The expected output is the full data, repeated exactly, without pictures.

> Data extract:
****************************************

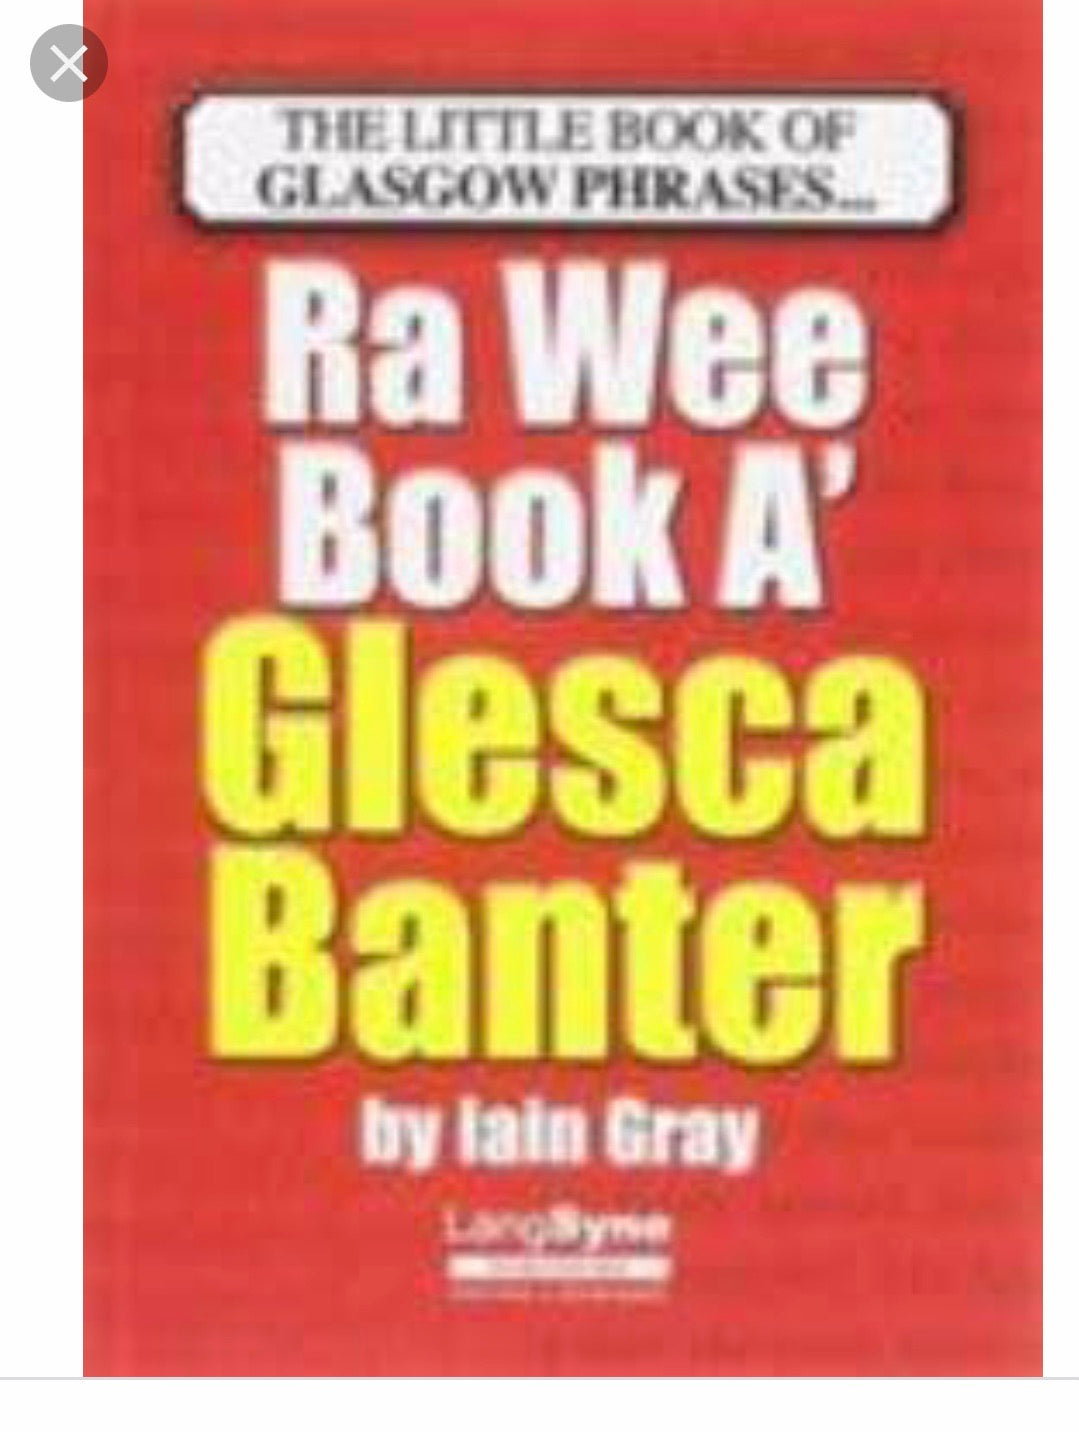 The Wee Book a Glesca Banter: An A-Z of Glasgow Phrases
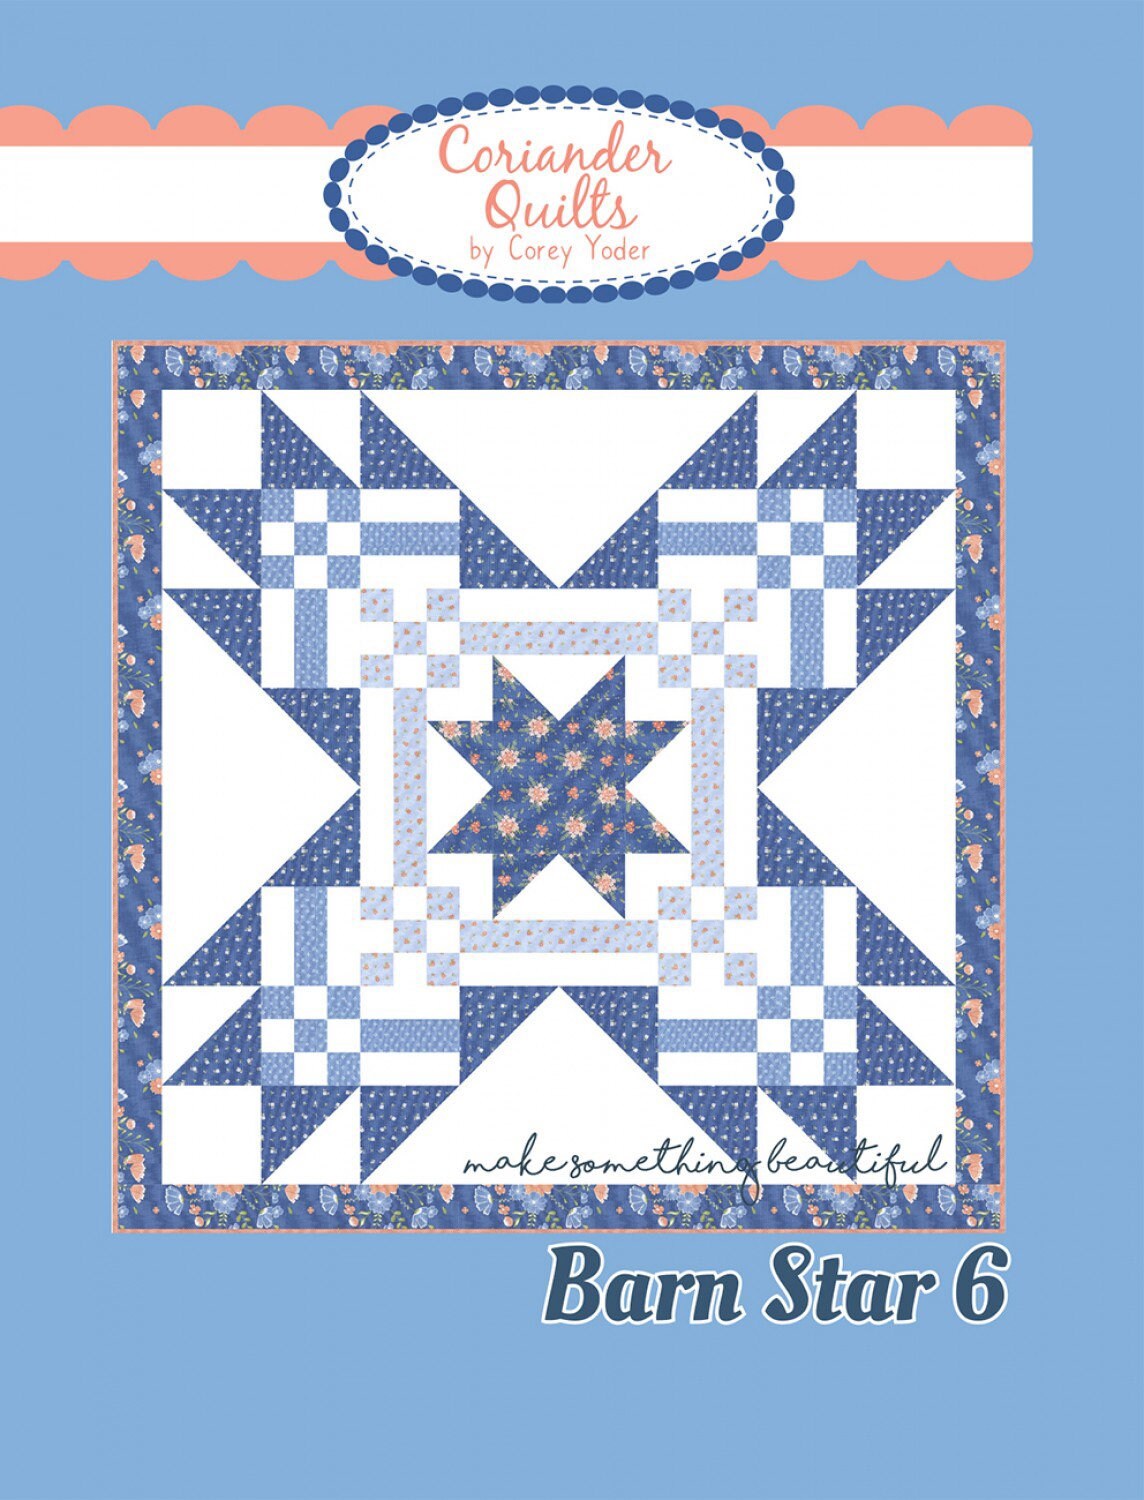 Barn Star 6 Quilt Pattern - Coriander Quilts - Corey Yoder
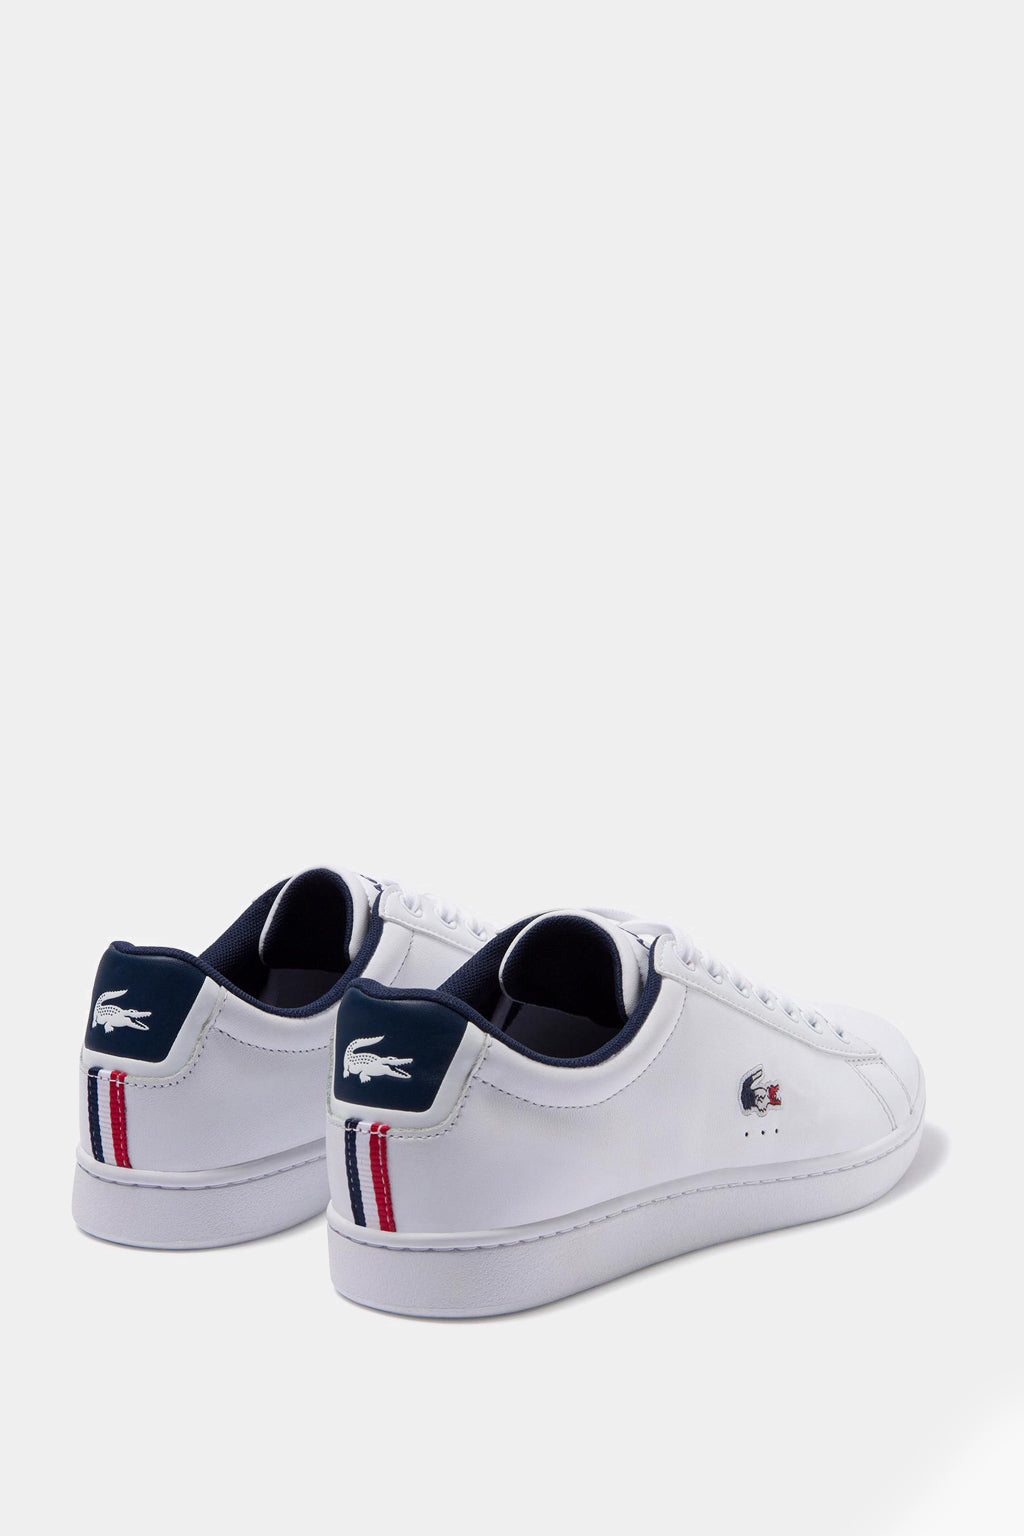 Lacoste - Lacoste Carnaby Evo Tri 1 Men's Sneakers
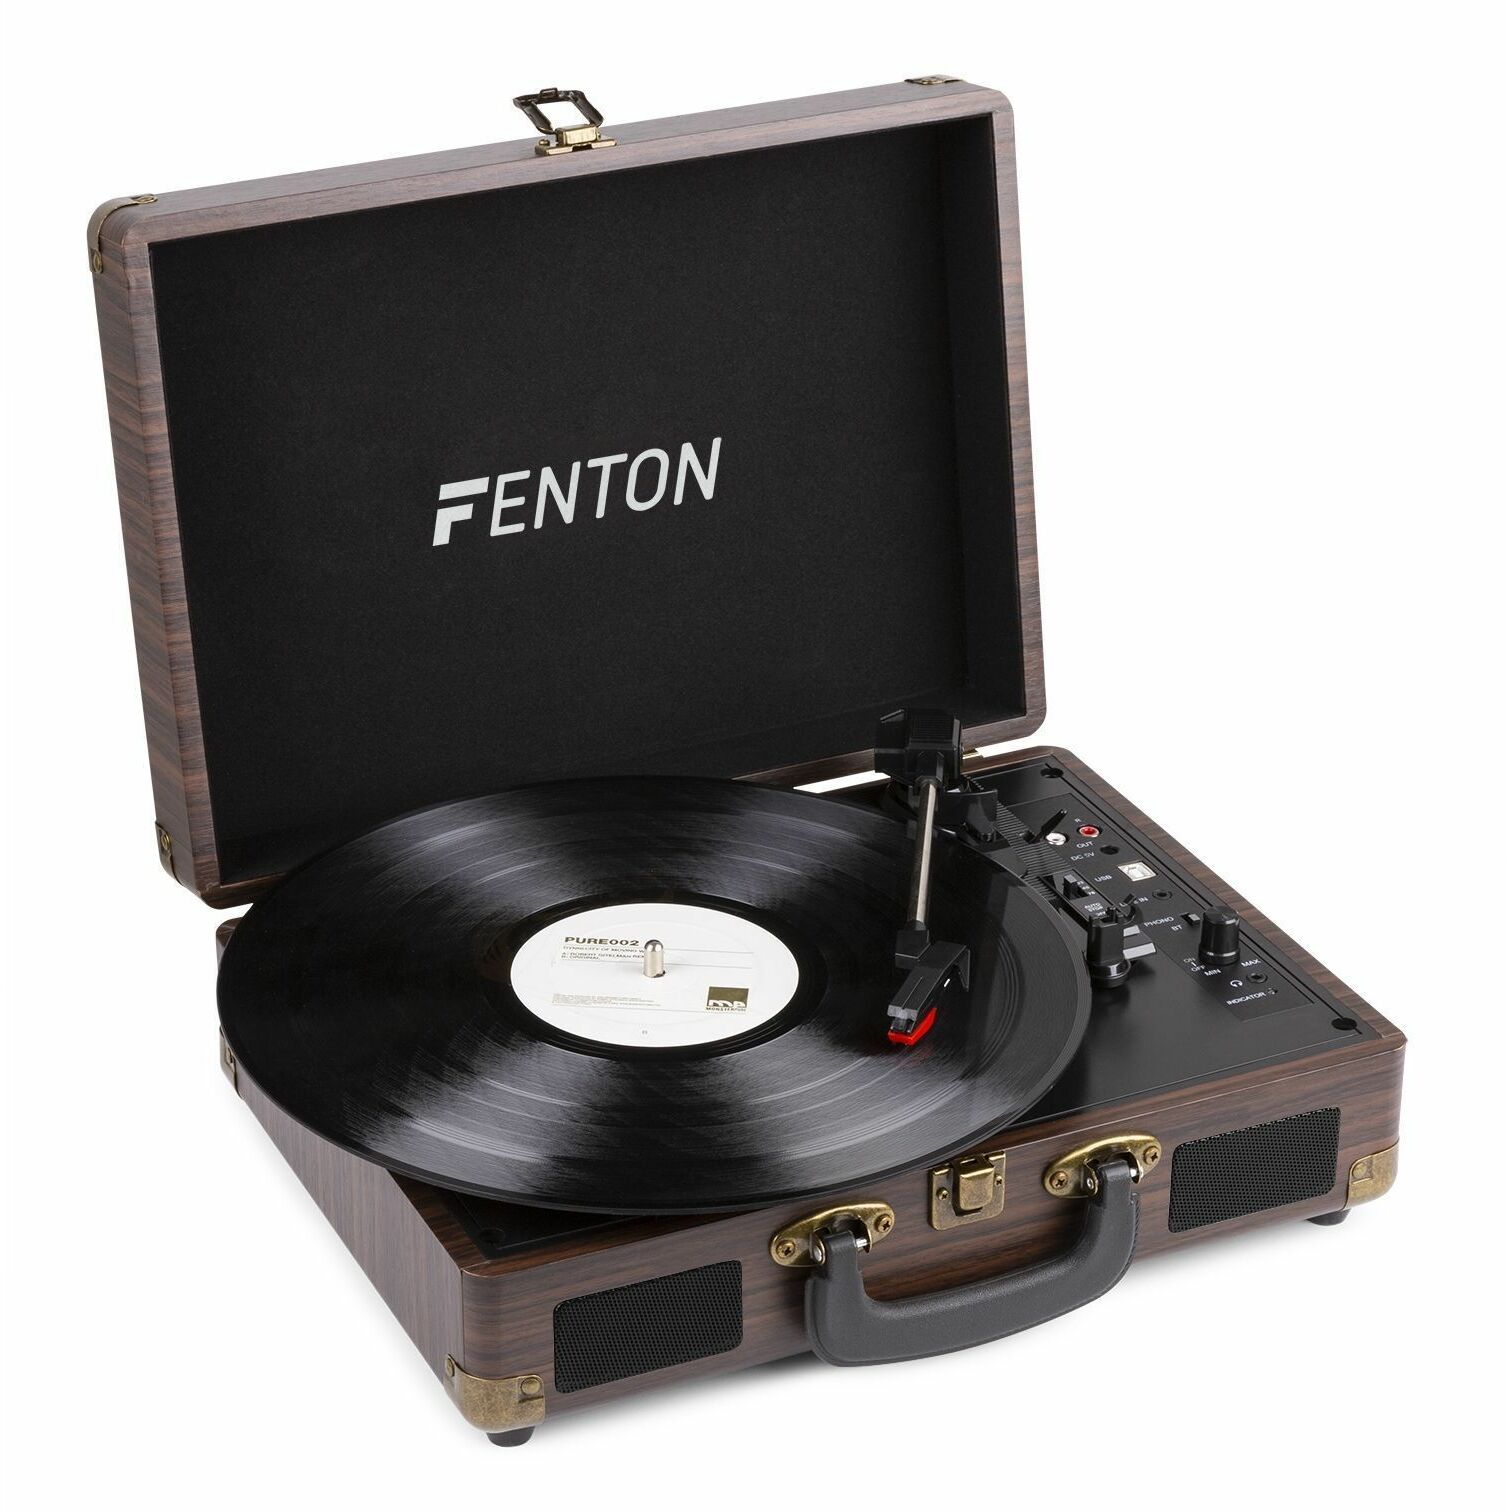 Retourdeal - Fenton RP115B platenspeler met Bluetooth en USB in

****************************************

> Solution:
 The Wee Book a Glesca Banter: An A-Z of Glasgow Phrases
 Barn Star 6 Quilt Pattern - Coriander Quilts - Corey Yoder
 Lacoste - Lacoste Carnaby Evo Tri 1 Men's Sneakers
 Retourdeal - Fenton RP115B platenspeler met Bluetooth en USB in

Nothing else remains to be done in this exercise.